I ordered a custom ff plus string from ebay a week ago... hopefully it wont be too long.


----------



## snow panther (Feb 8, 2006)

Here we were given the information that the recommended brace height for the SKB and Mind 50 should be between 5 1/2" and 6 1/3".
They are both 50" bows. A string for a 50" bow may be labeled as 50" for conveniance, but its actual length is shorter than 50" (3 to 4 inches shorter than the length of the bow, depending on the bow shape/style).
Form what you are saying about having to twist it 100 times and still getting only a 3" BH, I guess this string was probably an actual 50" in length.


----------



## deezdrama (Aug 19, 2013)

I understand strings are shorter than the amo length, was just quoting what the bag said. It didnt say 50" amo so you may be right about it being an actual 50" string. Im stuck at work and didnt have time to measure it but will tonight. Thanks


----------



## wandyhee (Nov 15, 2006)

It's been a while I didn't visit this forum, retired archery on 2009 and use to own few compound bow before. I was thinking to active in archery again and not with compound bow, instead i'm interested to try out this Samick SKB 60#. My draw length is 27" on compound bow and I estimated with the same draw length I expect the draw weight is around 53#~54# on samick SKB 60#. second thing I've to consider is arrow length and spine, any input will be appreciate... I prefer carbon hunting arrow. thanks


----------



## deezdrama (Aug 19, 2013)

I myself started with a compound... 60# hoyt , I have a 30" drawlength and so figured a 50" recurve would be a good poundage for me so got a 50# martin jaguar. Now im not a huge guy but not small either... im 6ft and weigh 210 can easily bench 250 and just starting to get back into weight lifting , saying that- 50# wasnt too heavy for me to pull back but its alot different than the compound i was used to shooting and theres all kinds of small stabalizing muscles we have that need trained to shoot traditionaly.
So... i was overbowed and developed all sorts of bad habits (string plucking) for years. It wasnt untill i admited this to myself and jumped down to a 40# bow and retrained my form and release that i got good... so now after 5 years of traditional shooting im getting consistant 10-40 yards and I probably could of been here in 1 year instead of 5 if I would of listened to everybody from the beginning and started off with a lightweight bow.

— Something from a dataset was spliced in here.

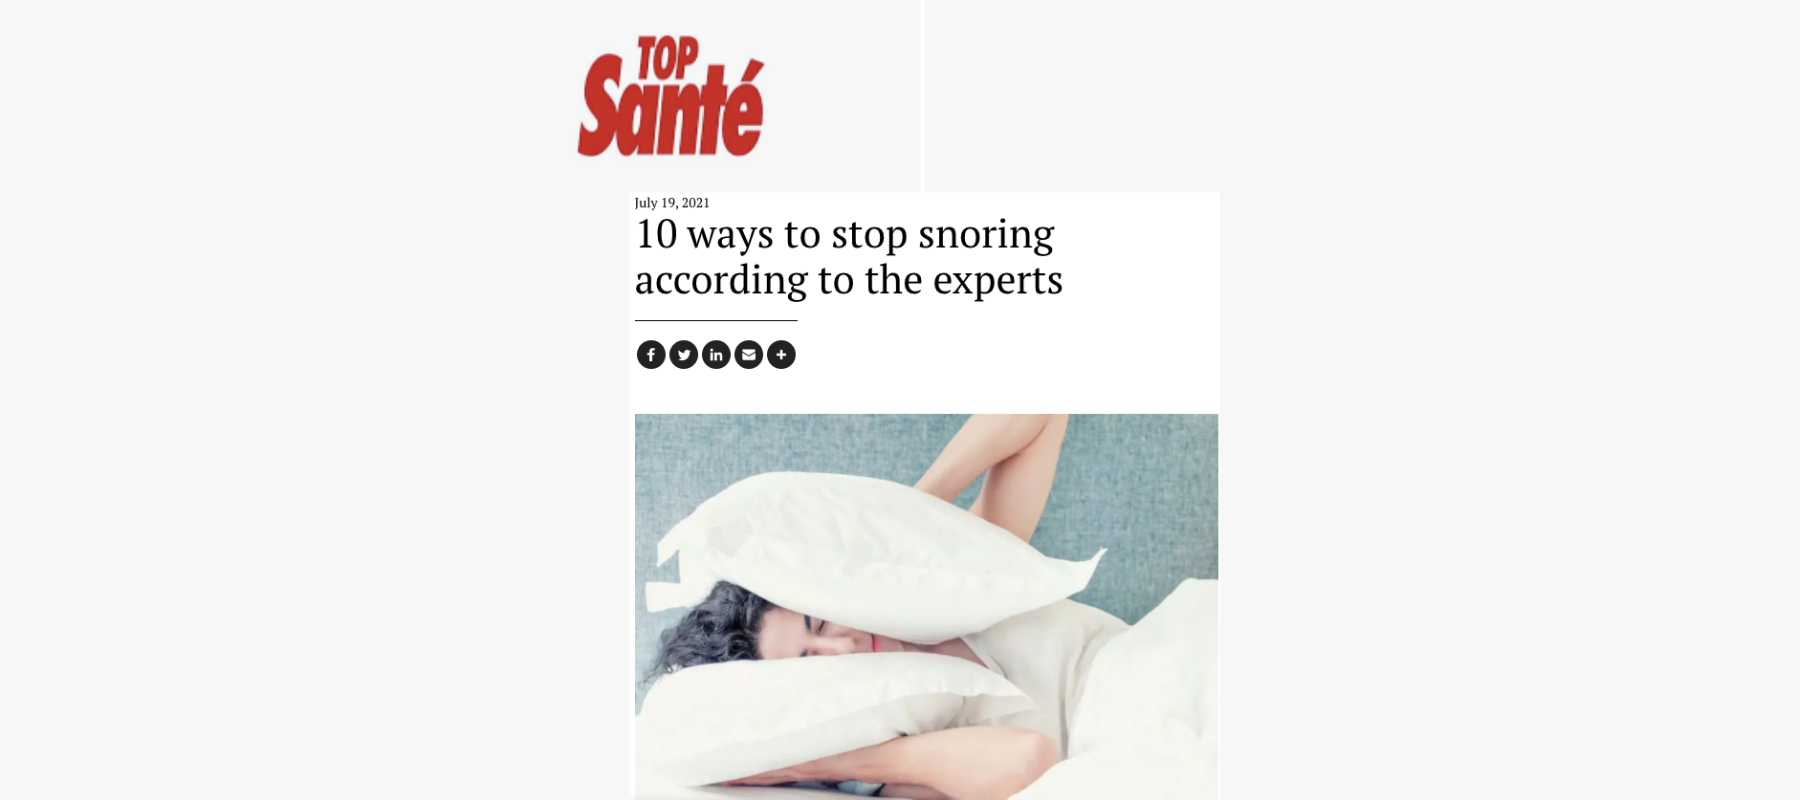 Top Sante - Somnilase: 10 ways to stop snoring according to the experts

My mind 50 is nice , very fast and flat tradjectory and fun to shoot but its not neccessarily a bow i would recommend for a new trad shooter. Theres no arrow rest and its more involved to find a tuneable shaft cause its also not centercut at all.
So its a fast ,fun , extremely lightweight bow but for a beginer i wouldnt recommend because its very unforgiving of form flaws since its so short, no arrow rest and no centercut.
Ive owned quit a few of the mid level bows and the cheap samick sage never ceases to amaze me and still is the bow I would recommend to someone new to traditional archery. Its cheap but shoots fast,hard,and accurate. It has centercut and an arrowrest so you can focus on form and release and not the other variables of the mind/skb that would just hinder a new trad shooter.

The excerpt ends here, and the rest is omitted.